Not that I condone mental torture, but there is something appealing about anarchists using modern art as a weapon against the fascist war machine. From the Guardian archives:
A Spanish art historian has uncovered what was alleged to be the first use of modern art as a deliberate form of torture — mind-bending prison cells were built by anarchist artists 65 years ago during the country’s bloody civil war.

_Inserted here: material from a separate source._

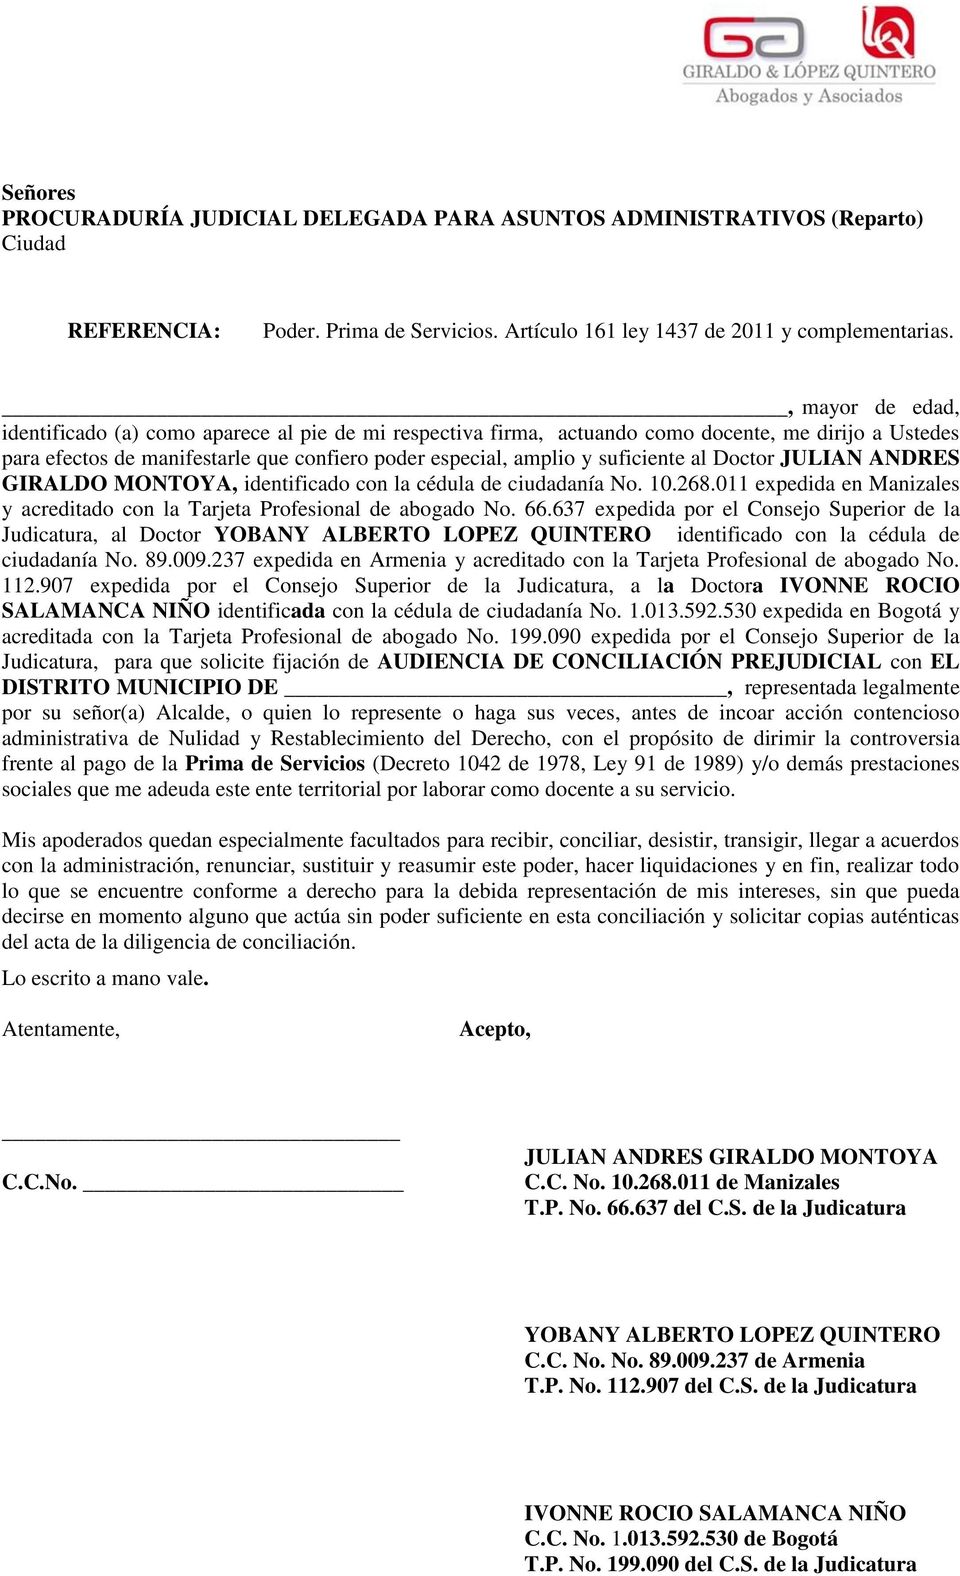 al Doctor JULIAN ANDRES GIRALDO MONTOYA, identificado con la cédula de ciudadanía No. 10.268.011 expedida en Manizales y acreditado con la Tarjeta Profesional de abogado No. 66.

Bauhaus artists, as well as the surrealist Luis Bunuel and his friend Salvador Dali, were said to be the inspiration behind a series of secret cells built in Barcelona and elsewhere.
Most were the work of an enthusiastic French anarchist, Alphonse Laurencic, who invented a form of “psychotechnic” torture, according to the research of the historian Jose Milicua.
Mr Milicua’s information came from a written account of Laurencic’s trial before a Francoist military tribunal. Laurencic, a painter, created his so-called “coloured cells” as a contribution to the fight against General Franco’s rightwing rebel forces.
The cells, built in 1938, were as inspired by ideas of geometric abstraction and surrealism as they were by avant garde art theories on the psychological properties of colours.
Walls were curved and covered with mind-altering patterns of cubes, squares, straight lines and spirals which utilised tricks of colour, perspective and scale to cause mental confusion and distress. Lighting effects gave the impression that the dizzying patterns on the wall were moving.